Bungalow Song /// Elijah Mann

The New York singer-songwriter Elijah Mann has made a name for himself across the country as an indie folk artist who’s a fantastic performer with poignant lyricism. Earlier this month, Mann released another single titled “Bungalow Song”, his fifth song produced by the acclaimed Adam Tilzer (Keith Richards, Valerie June, Norah Jones). Like always, Elijah Mann is a descriptive storyteller with his music, and his talent of poignant lyricism continues to take place during “Bungalow Song”, yet with a pinch of dreamy hope within this song about escapism.  

“Bungalow Song” is a simple acoustic folk song with vocals over the intertwining finger picking of guitar and banjo. Mann’s music can be compared to modern day folk artists like Christian Lee Hutson and The Milk Carton Kids. However, the doubled vocals and harmonies joined with the flowing melody and chill vibes of the song can be comparable to indie legends Simon and Garfunkel, specifically in the chorus. Whoever anyone would like to compare Elijah Mann to is irrelevant, because he clearly knows the ins and outs of writing an indie folk song.

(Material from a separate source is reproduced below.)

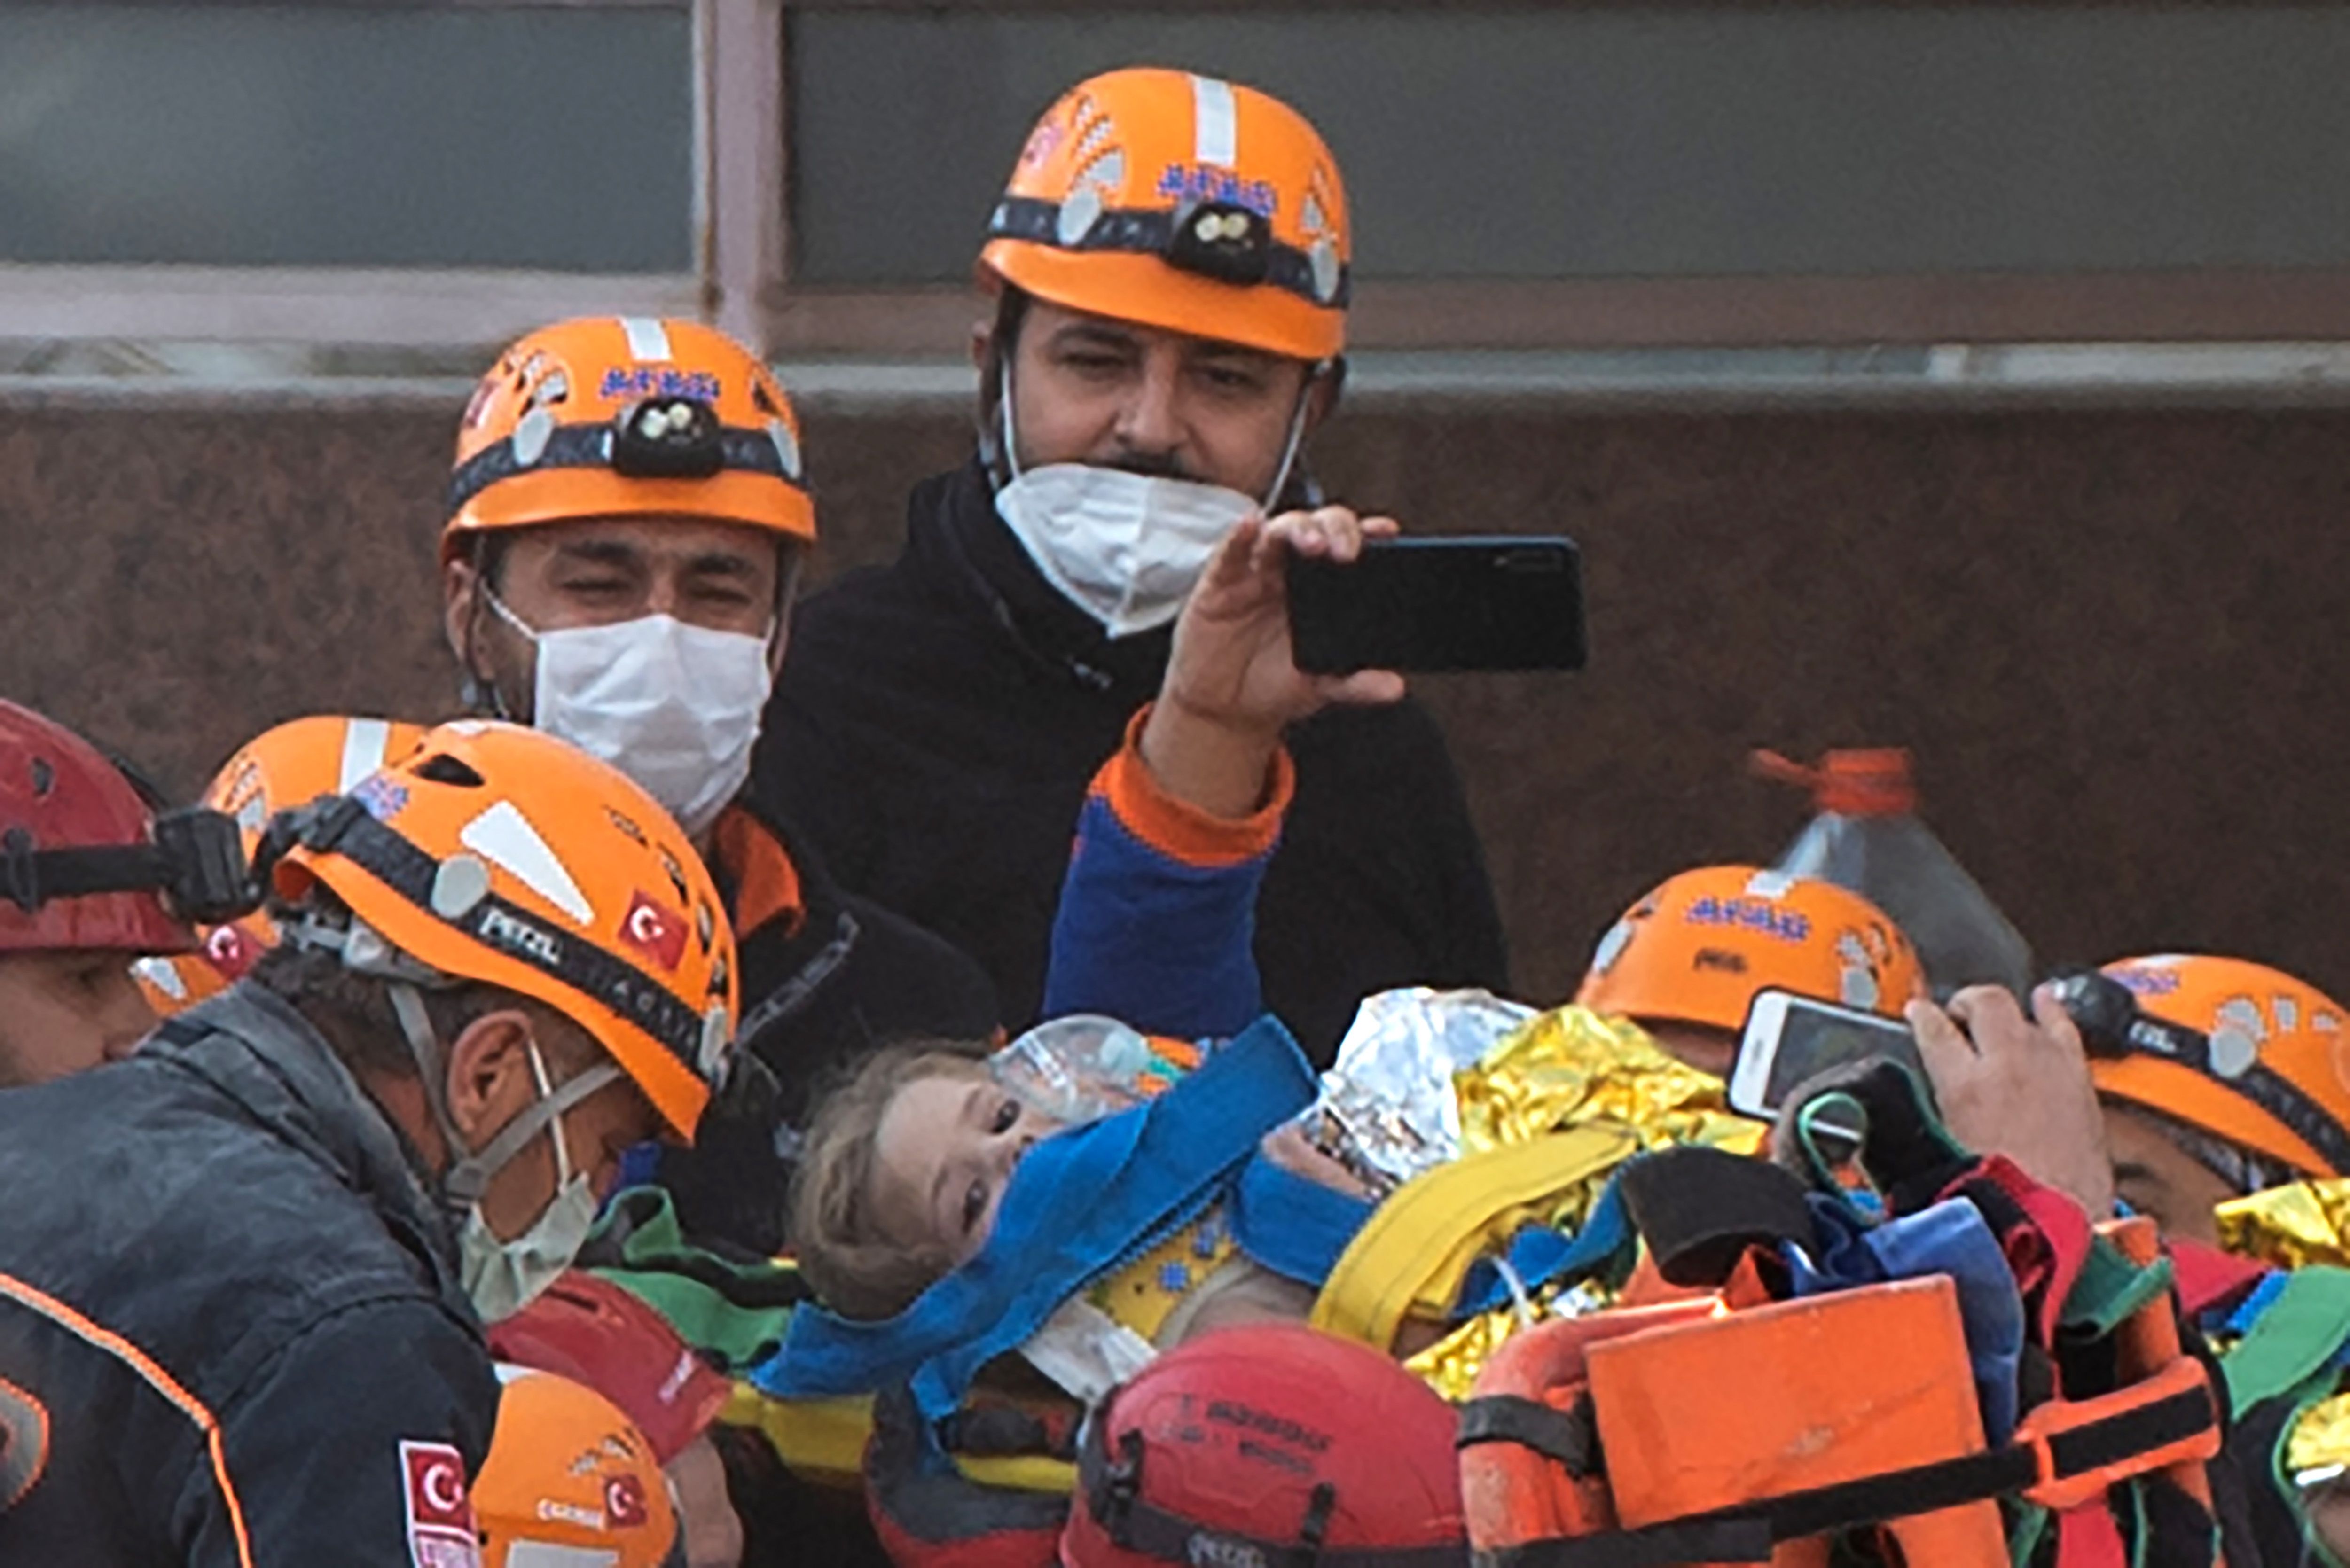 Rescatistas cargan a la niña de 4 años Ayda Gezgin, rescatada entre los escombros del terremoto de Turquía. (Foto Prensa Libre: AFP)

Through the soft, catchiness of the tune and beautiful lyrics, Elijah Mann has created such an atmospheric and empathetic song of adventure, and making a “great escape” into the woods of upstate NY. There’s a juxtaposition of emotion, going back and forth between the feeling of hope and then into defeatism and back again. The purpose of the song goes from the freeing happiness of buying a bungalow to “find a little quiet, and we’ll waste our days” to darker lyrics like “I gotta believe that things will be alright, but that is a lie I’ve served and swallowed up, like daily cyanide.” With his beautiful lyrics, Mann depicts escapism as following a dream and running away all at once. This soft, seemingly simple folky ditty is more complex than it appears in its first listen.